Dragonhammer
#3
Dragonhammer - The X Experiment (2013)

[Obrazek: R-6440395-1419345972-1314.jpeg.jpg]

Tracklista:
1. It's Beginning 01:35
2. The End of the World 04:54
3. Seek in the Ice 05:27
4. The X Experiment 04:58
5. Escape 05:20
6. My Destiny 06:02
7. The Others 04:35
8. Follow Your Star 05:30
9. Last Solution 04:53

Rok wydania: 2013
Gatunek: Progressive Power/Heavy Metal
Kraj: Włochy

Skład zespołu:
Max Aguzzi: śpiew i gitara
Giuseppe De Paolo: gitara
Gae Amodio: gitara basowa
David Folchitto: perkusja (gościnnie)
Giulio Cattiverai: instrumenty klawiszowe
oraz
Roberto Tiranti - śpiew ("The End of the World")

DRAGONHAMMER budził się i budził z letargu aż do roku 2013, gdy w nowym składzie nagrany został w końcu trzeci album wydany w grudniu przez My Kingdom Music z Salerno.

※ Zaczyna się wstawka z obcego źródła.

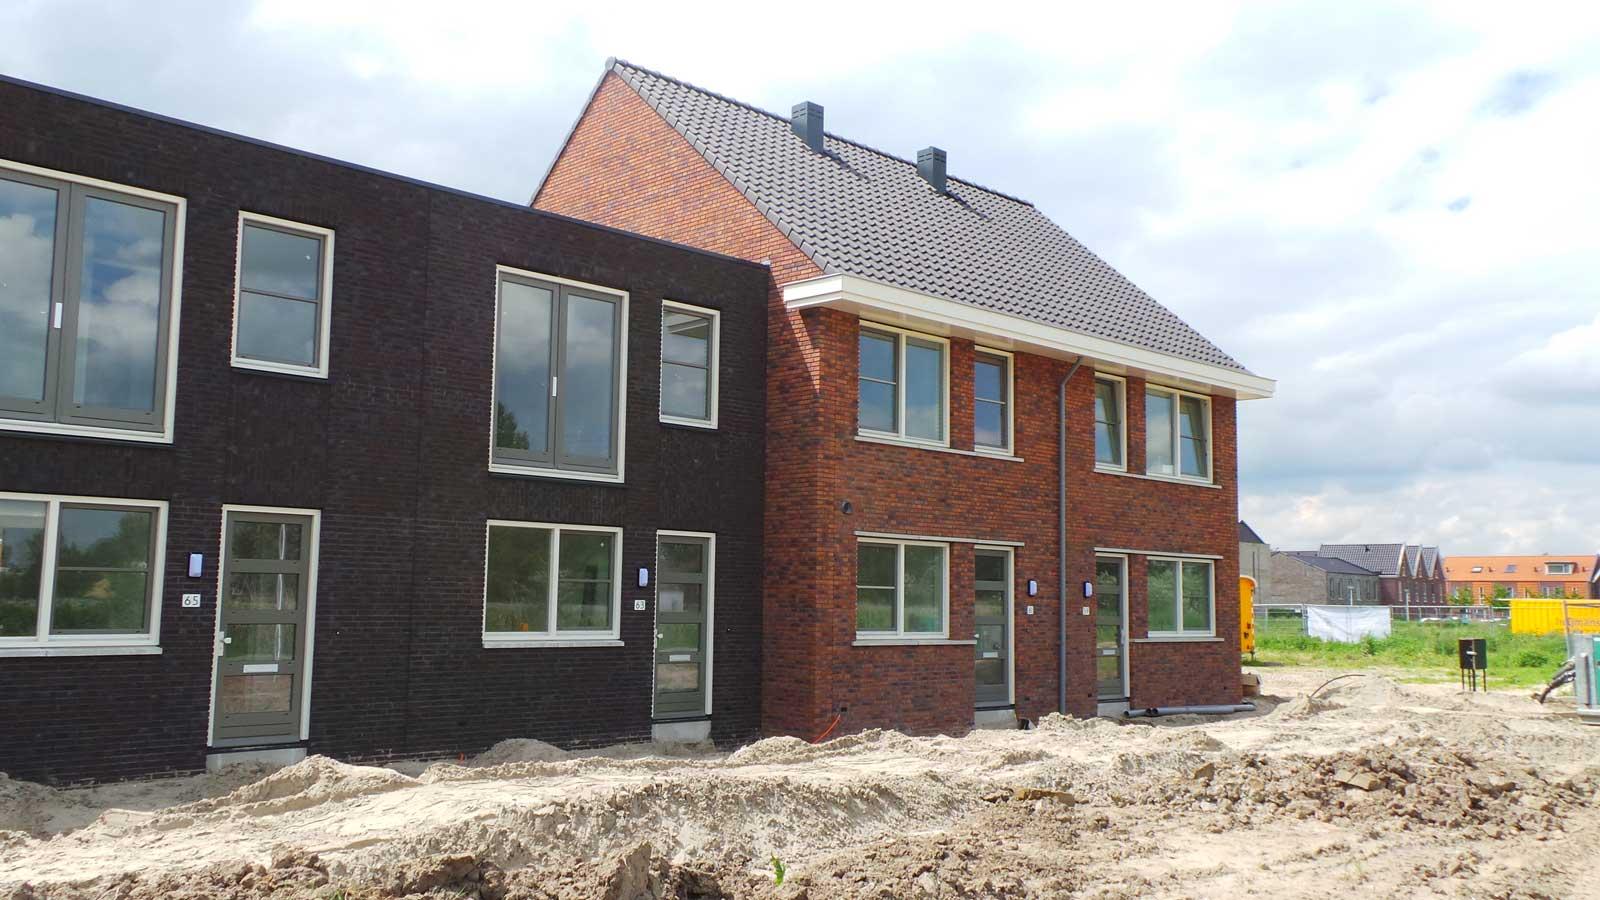 bouwupdate - CPO Starterwsoningen Weideveld Bodegraven

Album w jakimś stopniu konceptualny, choć nie do końca. Nie do końca także interesujący, bo zainteresowanie faktycznie mija gdy kończy się The End of the World, znakomity dynamiczny power metalowy numer gdzie zaśpiewał gościnnie Roberto Tiranti z LABYRINTH. Dziwne, że nie zaśpiewał tu gościnnie także Conti, bo on nigdy nie odmawia, ale tym razem chyba nie zdążył.
Zdążył za to Tita Tani, tyle że chyba niepotrzebnie, bo musiał się namęczyć, by zrobić cokolwiek w nijakim i mdłym progresywnym My Destiny. Od Seek in the Ice do samego końca DRAGONHAMMER gra typowy włoski progresywny power metal z klawiszami, gdzie siłują się z LABYRINTH i SECRET SPHERE, nie odganiając także własnych demonów z roku 2004.
Jest to wszystko po prostu nijakie i bezbarwne, progresywnie nieinteresujące, melodycznie nie do zapamiętania i wykonawczo przeciętne. Nic tu budzi emocji emocji, napięcia, nie wzrusza i nie powoduje, że choć przez chwilę krew szybciej krąży. No co może zrobić Tani, mocarz z DGM, gdy musi śpiewać tak bardzo tuzinkowe popłuczyny po EVERGREY chociażby jak Destiny? A i tak jest to jeden z lepszych numerów na tym albumie. Dobrze jeszcze, że sam Max Aguzzi jest w dobrej dyspozycji wokalnej (słychać to chociażby w Escape) i skupiając się na jego głosie można przebrnąć przez nieciekawe partie instrumentalne. Giulio Cattiverai, który tu debiutuje jako klawiszowiec, gra bardzo ostrożnie i zachowawczo, często tylko robiąc plany drugie i tła, i bardzo brak tu jednak Alexa Valdambrini. Zaczyna się znakomitym The End of the World, kończy słabiutkim melodic power metalowym Last Solution, gdzie sam Aguzzi brzmi dosyć rozpaczliwie i gra bezsensowne rozpaczliwe solo.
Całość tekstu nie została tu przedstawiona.